4 déc. :
Anthologie Schubert Wilhelm Kempff |
Le poète en son foyer
Schubert - Kempff
Complete Recordings on Deutsche Grammophon
Sonate pour piano n° 1–7, 9, 11, 13–21
Moments musicaux D 780
Impromptus op. 90 & op. 142
Wanderer-Fantasie op. 15
KlavierstĂĽcke D 946
Andante en la majeur D 604
Allegretto en ut mineur D 915
Scherzo en sib majeur D 953 n° 1
13 Variations sur un thème d’Amselm Hüttenbrenner
Wilhelm Kempff, piano
Enregistrements : Beethovensaal, Hanovre, 1965-1970
9 CD Deutsche Grammophon Collectors Edition 479 6187
Il y a quinze ans, Deutsche Grammophon rééditait en coffret de 7 CD les dix-huit sonates de Schubert gravées par Wilhelm Kempff. Le pianiste allemand, né cinq ans avant le XXe siècle et disparu en 1991, a toujours défendu un Schubert pacifié, quitte à émousser certains contrastes, certaines zones d’ombres, certains accès de violence, au bénéfice d’un romantisme introspectif éminemment viennois, attentif comme peu d’autres à un jeu d’une délicatesse absolue, aux aigus cristallins, cantonnement d’un artiste septuagénaire aux sommets de ses moyens dans une esthétique du piano pour le foyer, on ne peut plus éloignée du rituel du concert contemporain.

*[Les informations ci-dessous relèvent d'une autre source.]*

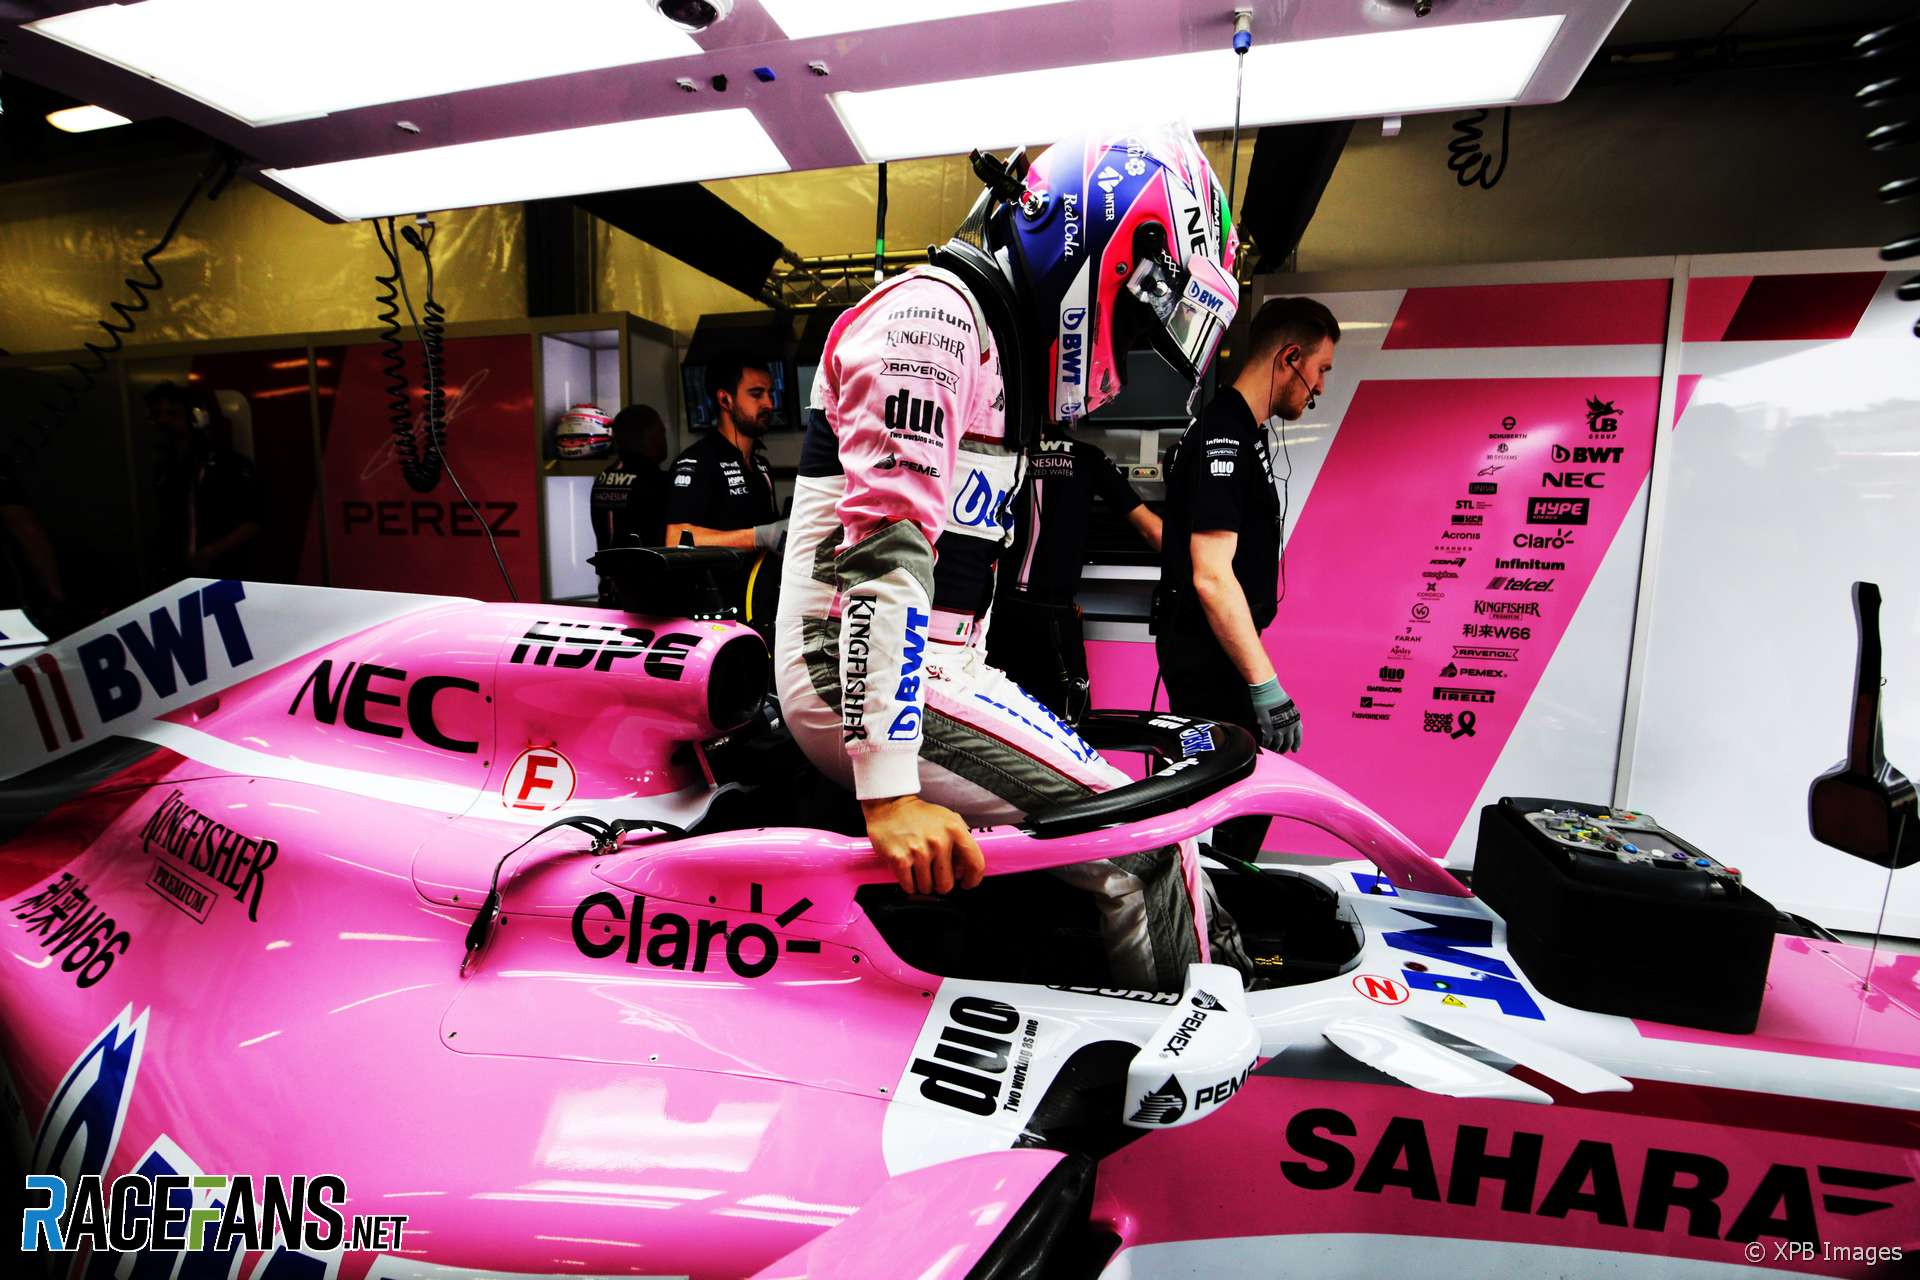 Sergio Perez, Force India, Baku City Circuit, 2018
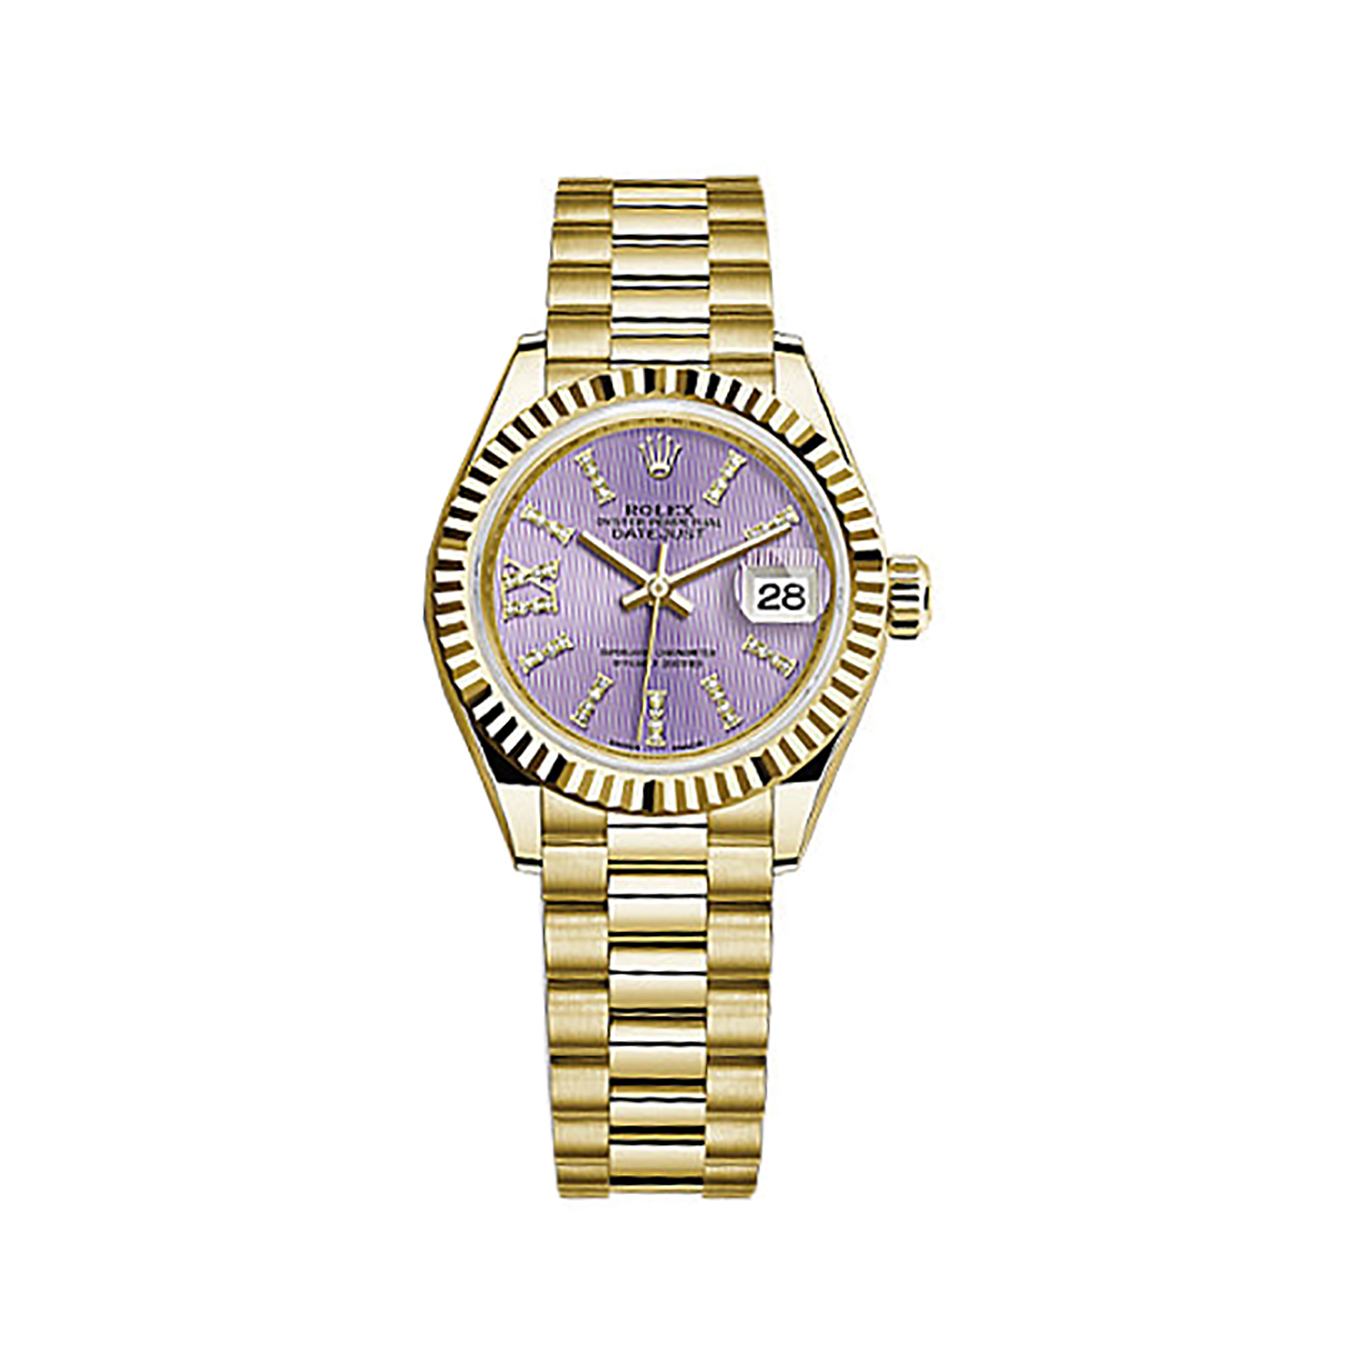 Lady-Datejust 28 279178 Gold Watch (Lilac Set with Diamonds)

Sans crispation, avec un toucher souple et chantant, cet art schubertien à fleur de clavier, souvent proche du murmure, appartient à un âge d’or révolu, celui des seigneurs du clavier, des grands accompagnateurs de Lieder, à l’image d’un Gerald Moore, alter ego n’ayant jamais cherché non plus la puissance de l’instrument. Et si d’aucuns ont réinventé depuis la dramaturgie du compositeur (les Brendel, Lupu ou Uchida), l’honnêteté, la sobriété de cette démarche qui laisse parler l’instrument et les états d’âme en clair-obscur du compositeur n’ont d’une certaine manière jamais été égalés.
Un sentiment d’évidence traverse ce corpus augmenté pour cette nouvelle réédition de deux CD dévolus aux pièces courtes, dont les deux cahiers d’Impromptus, les Moments musicaux, les Klavierstücke D 946 et la Wanderer-Fantasie. Un bonheur que de retrouver cet autre versant de la production pianistique schubertienne par Kempff, servie avec le même intimisme, résumé à merveille par l’Impromptu op. 90 n° 3, d’une fluidité constante dans ses arpèges en lévitation, d’un legato royal, d’une candeur émerveillée inoubliable, ou encore par le Klavierstück n° 2, au second passage central d’une insondable mélancolie.
Difficile aussi d’imaginer un premier mouvement de Wanderer-Fantasie moins clinquant, d’un abord rythmique aussi serein, sourd aux furieuses cavalcades prisées par tant de pianistes, au premier rang desquels le toujours génial Sviatoslav Richter. On ne quittera ici jamais le coin du feu propice à tous les épanchements de ce premier romantisme dont Kempff sait traduire comme personne l’ambiguïté et le doux vague à l’âme.
La prise de son, au service du message, qui privilégie la poésie du bout des doigts et le caractère feutré, confère une vraie unité à ces prises toutes réalisées à la Beethovenhaus de Hanovre entre 1965 et 1970, une cohérence dont peu d’intégrales peuvent se targuer. Et si le tempo de certains menuets ou scherzos trahit légèrement leur âge, l’ensemble n’a pas pris une ride, et demeure un trésor du catalogue du label jaune.